* What the exercise asks
Your answer must be an exact copy of the listing that follows, with all pictures omitted.

* Data block
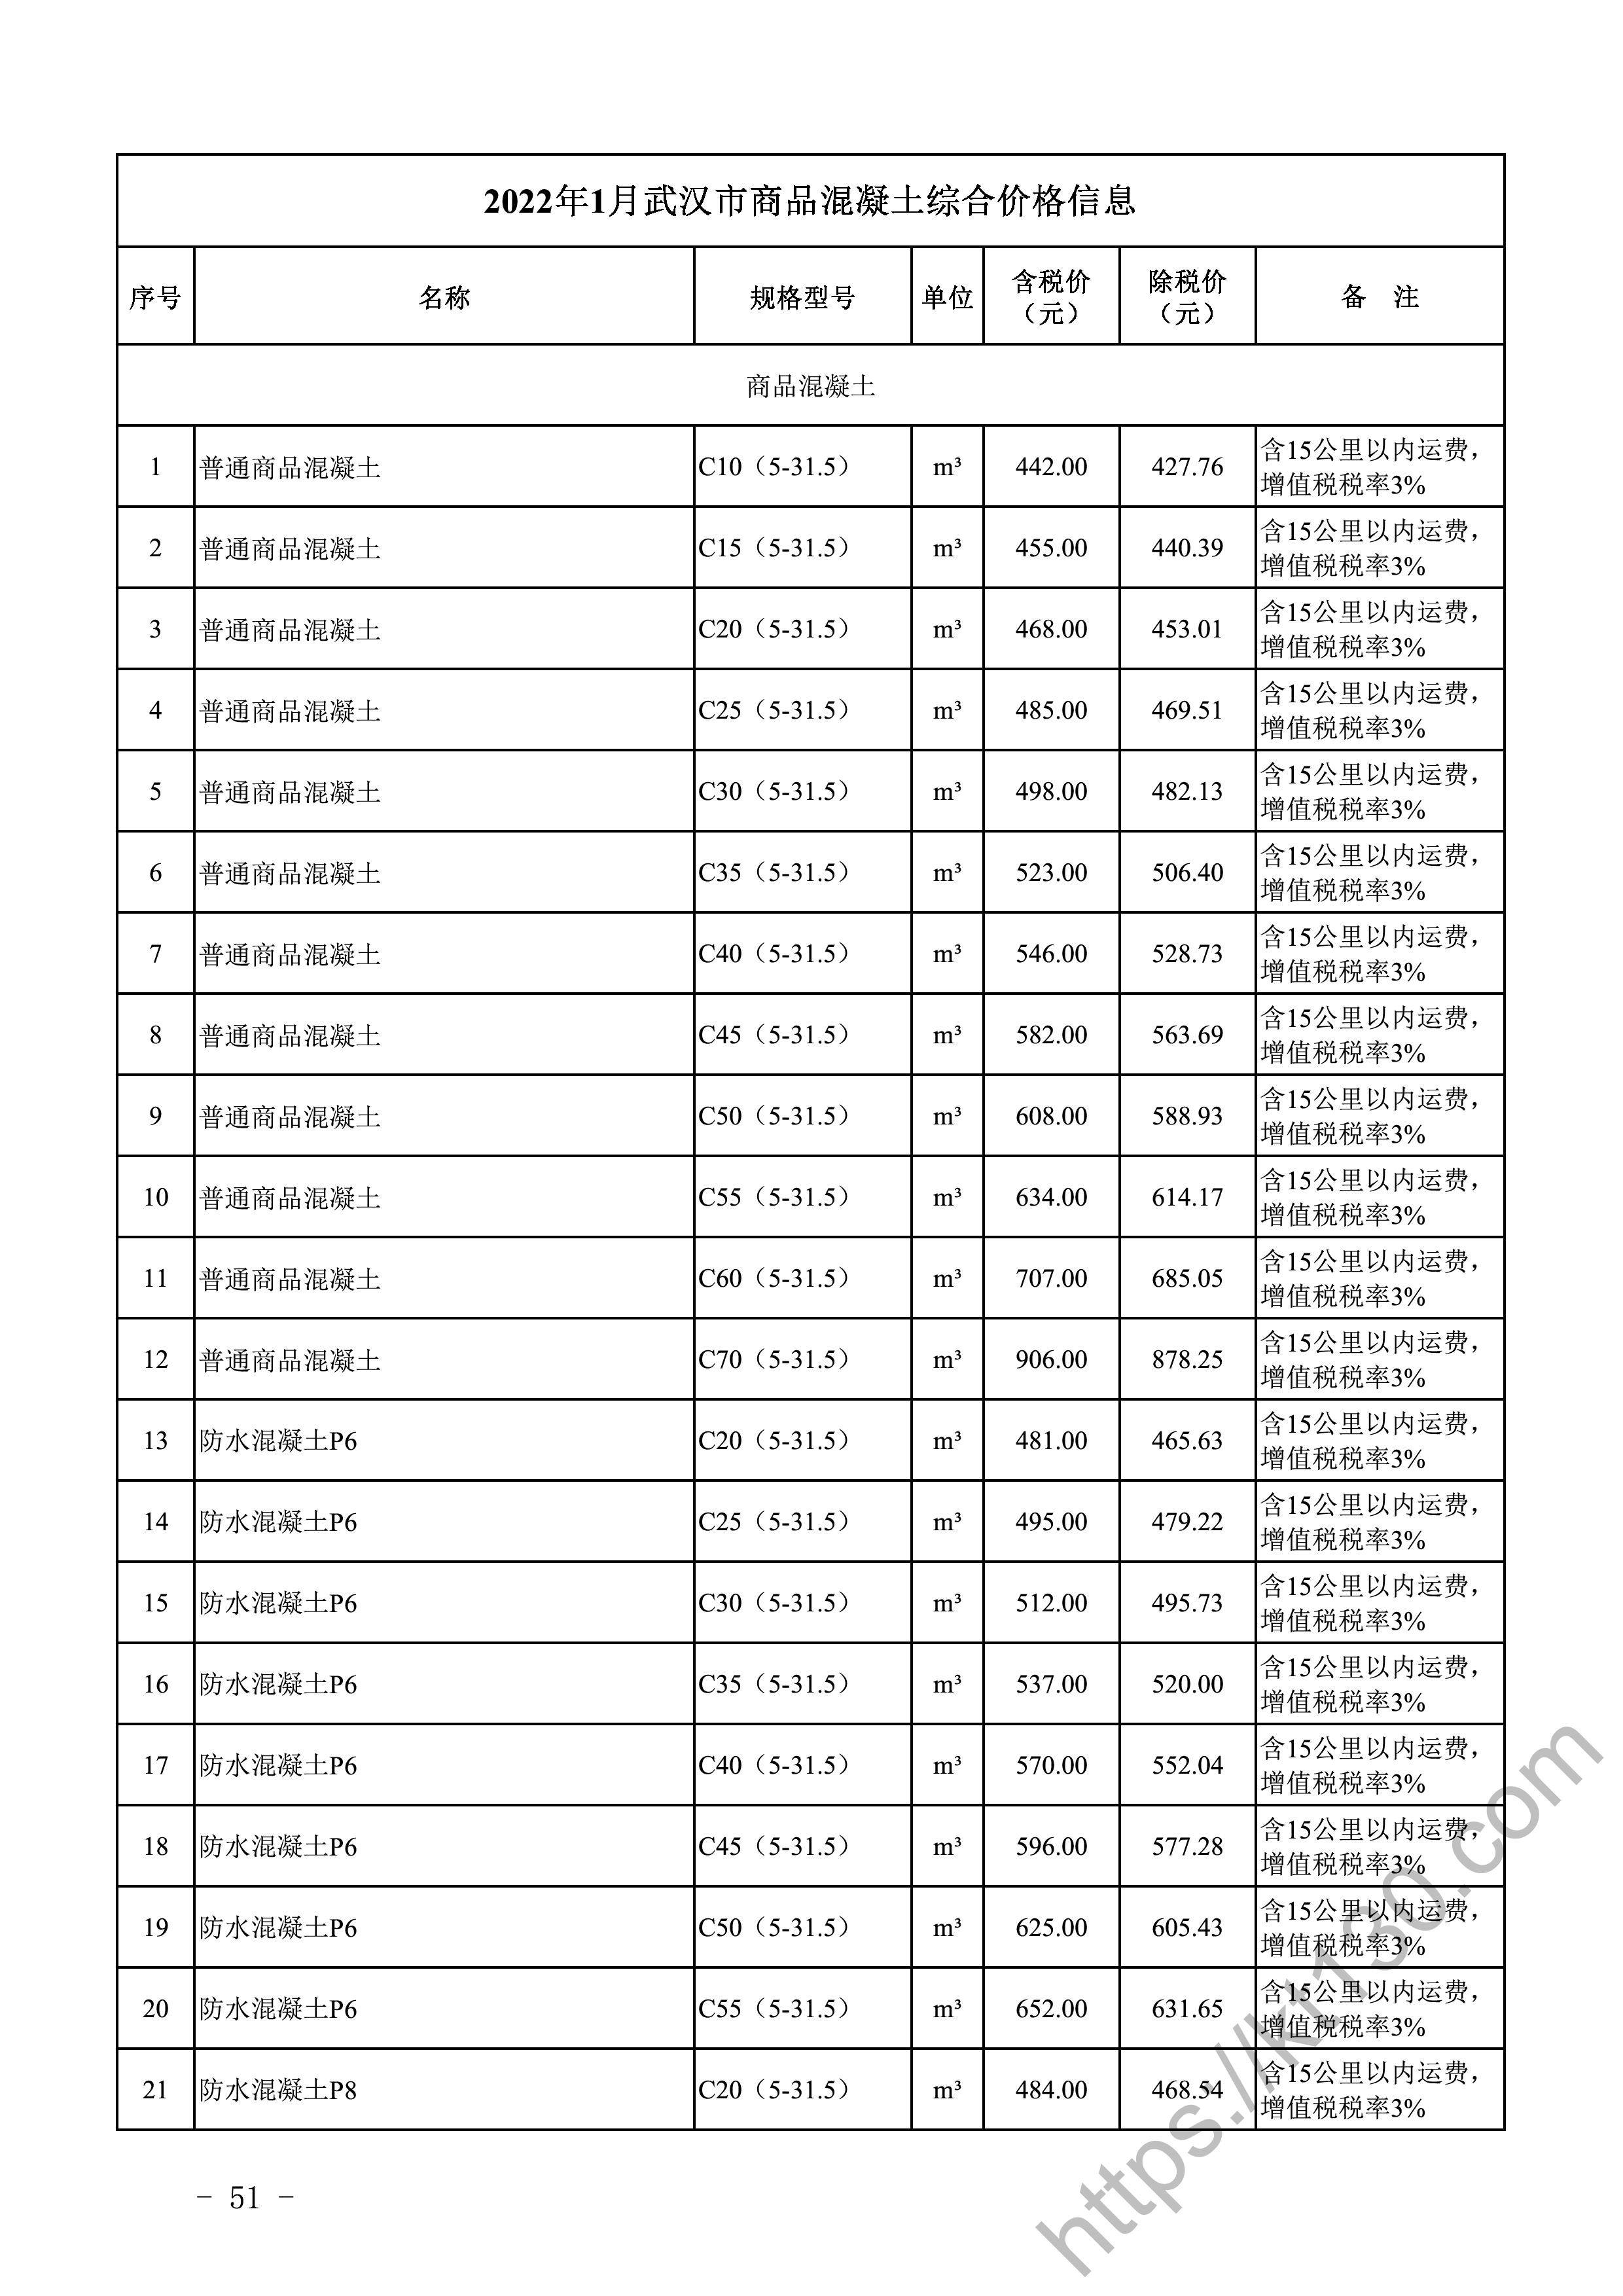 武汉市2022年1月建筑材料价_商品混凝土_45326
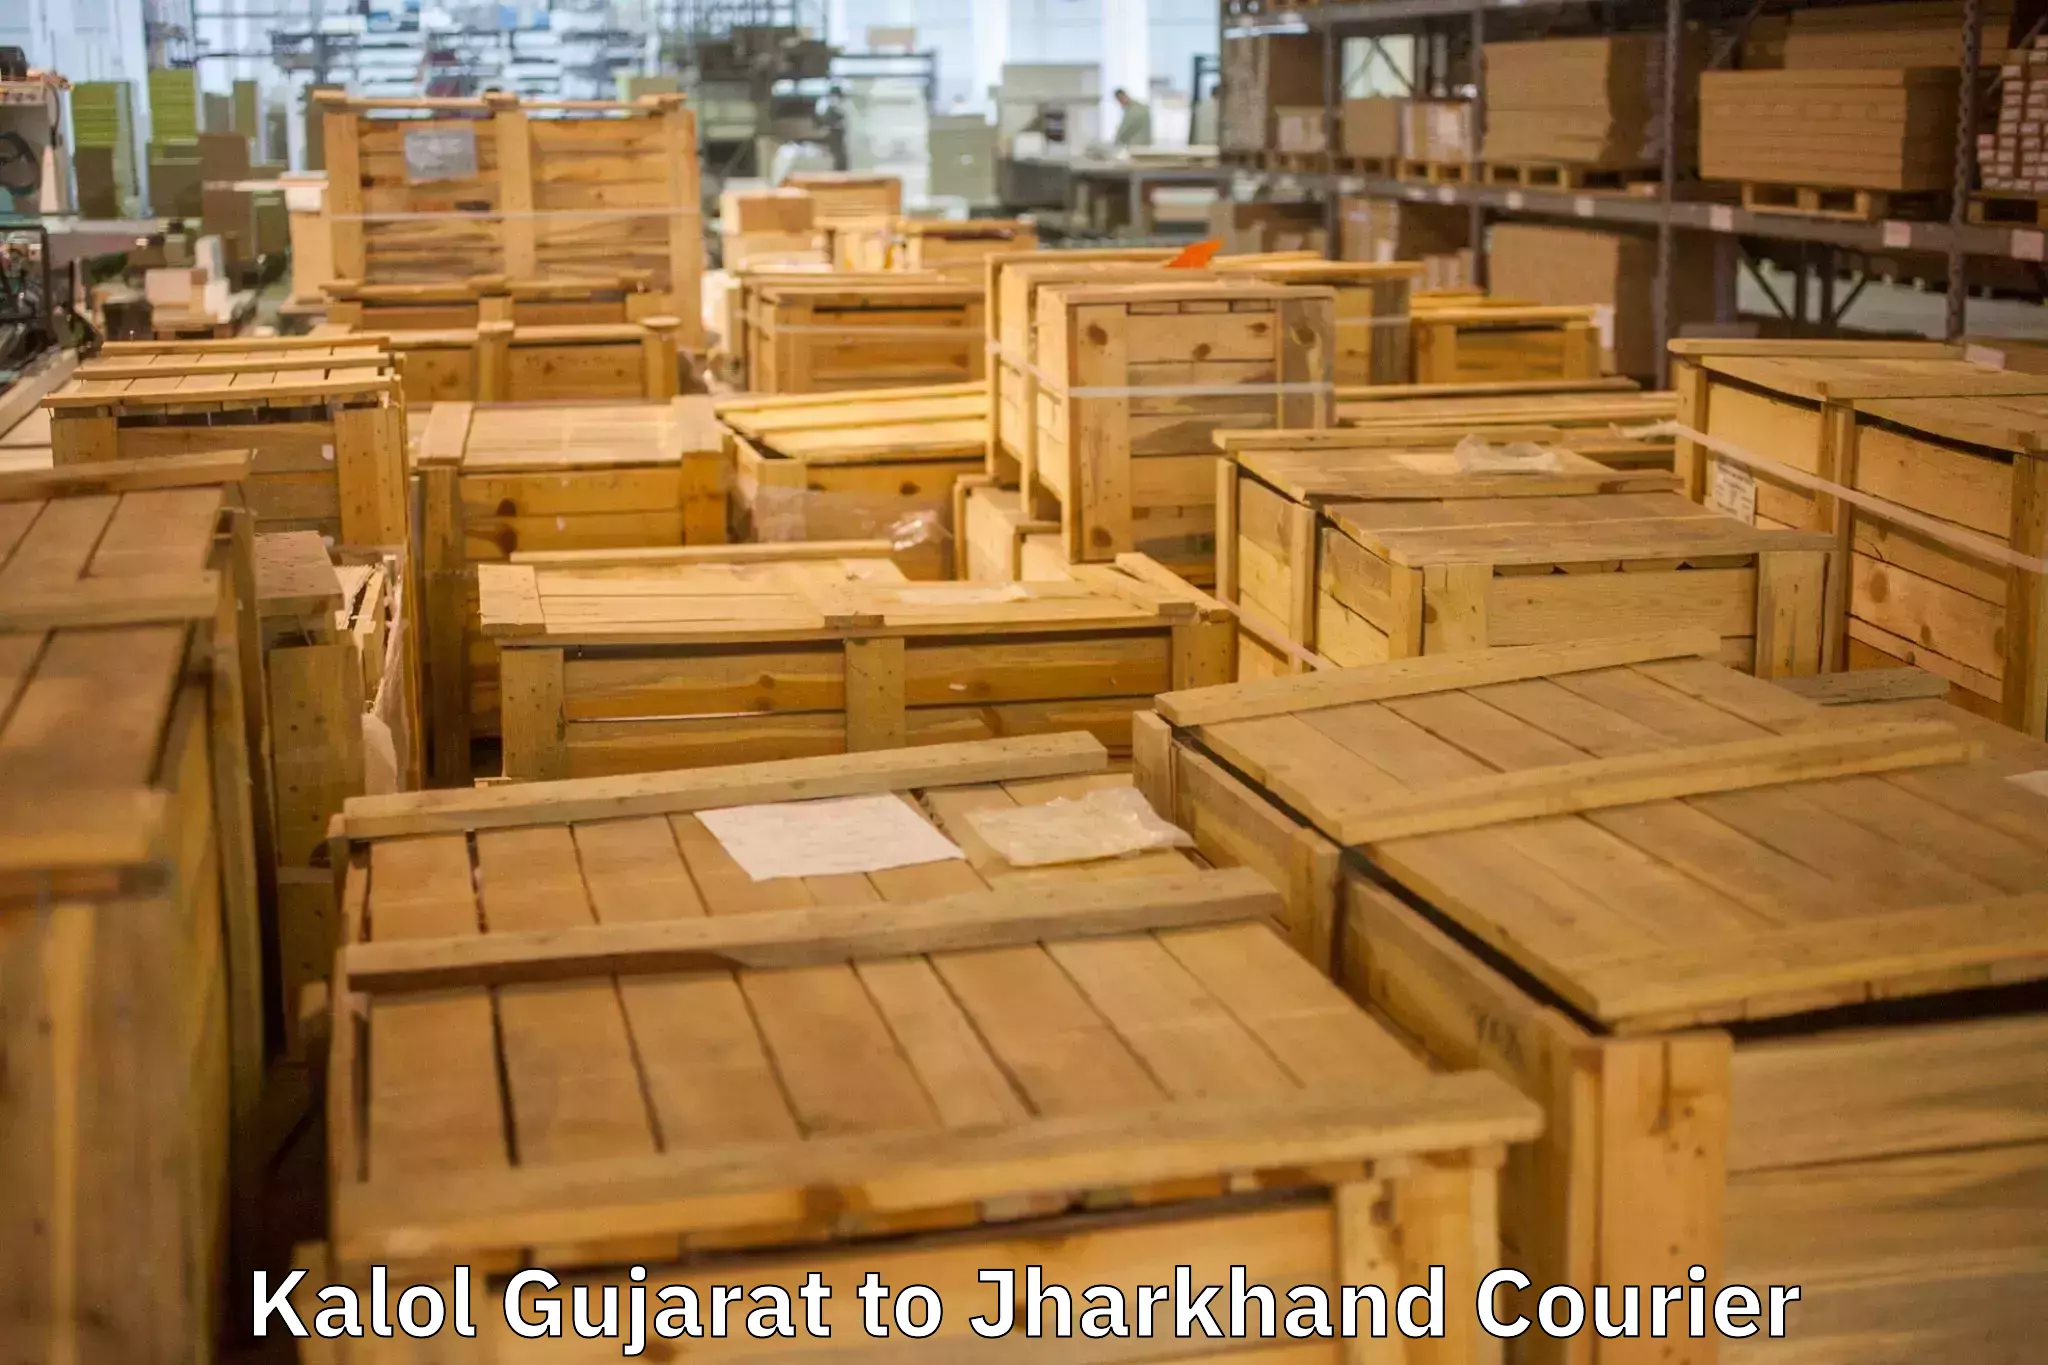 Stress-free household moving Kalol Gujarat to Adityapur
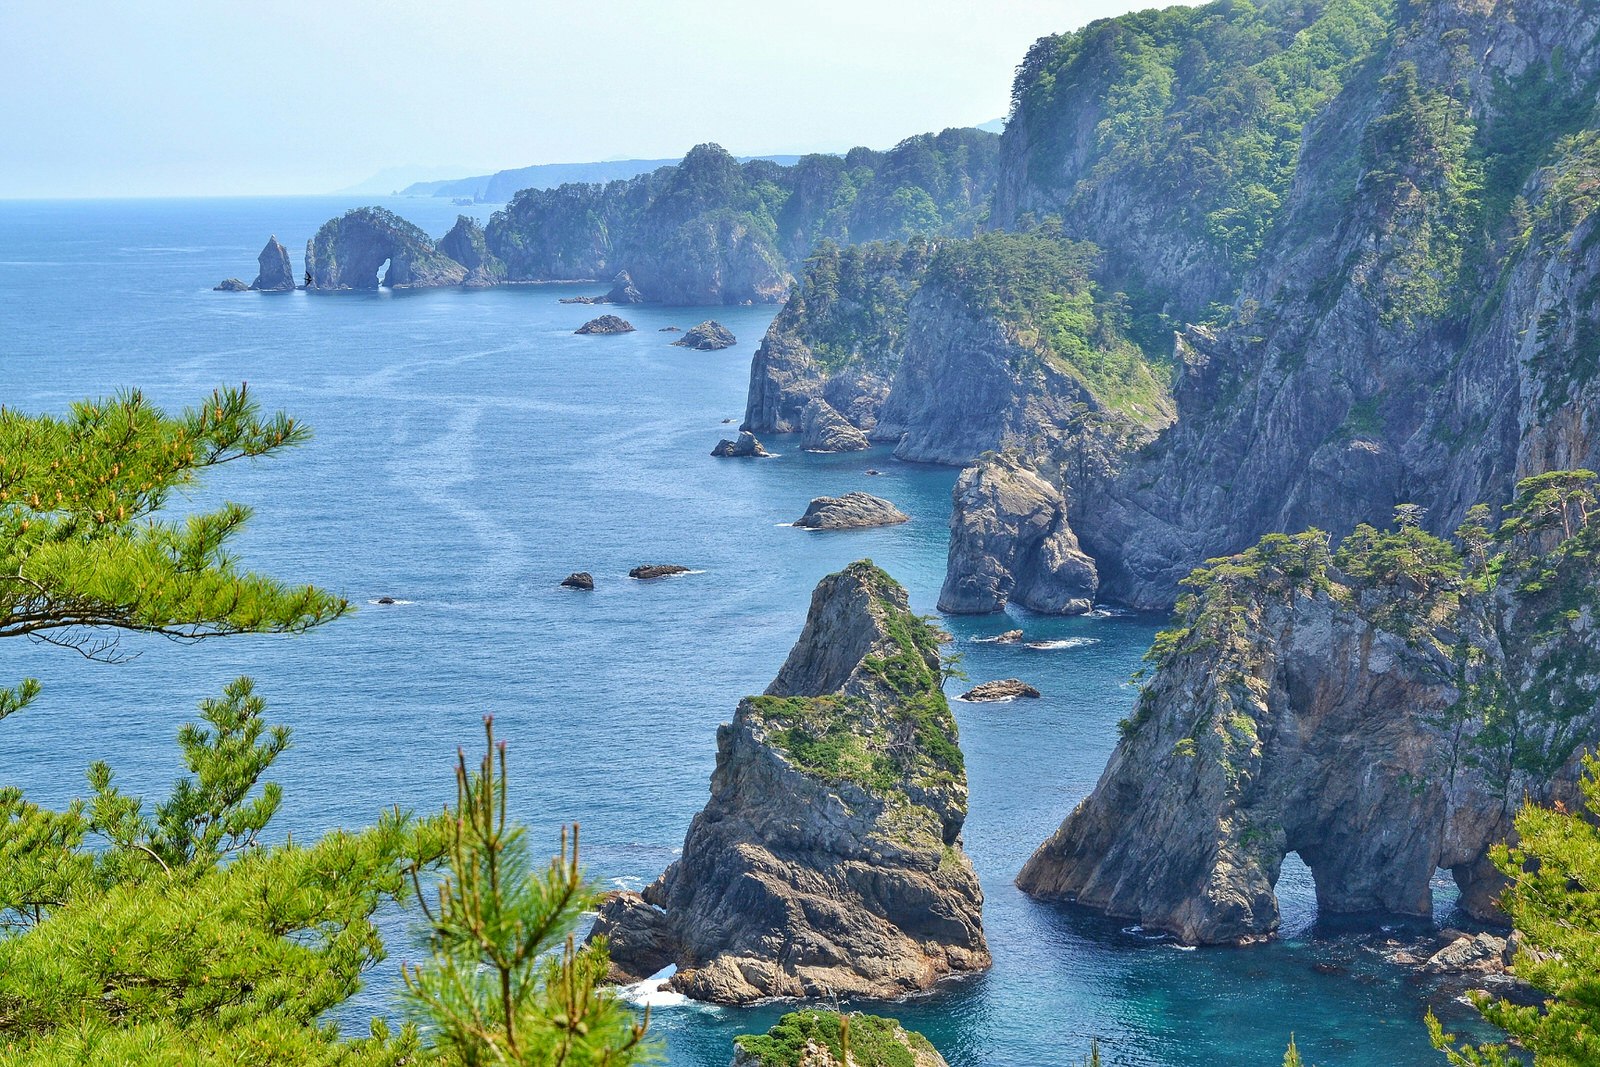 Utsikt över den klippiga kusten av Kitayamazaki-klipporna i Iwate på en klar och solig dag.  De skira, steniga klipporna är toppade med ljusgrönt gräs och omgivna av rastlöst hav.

* Output for this task
 武汉市2022年1月建筑材料价_商品混凝土_45326
 Stress-free household moving Kalol Gujarat to Adityapur
 Utsikt över den klippiga kusten av Kitayamazaki-klipporna i Iwate på en klar och solig dag.  De skira, steniga klipporna är toppade med ljusgrönt gräs och omgivna av rastlöst hav.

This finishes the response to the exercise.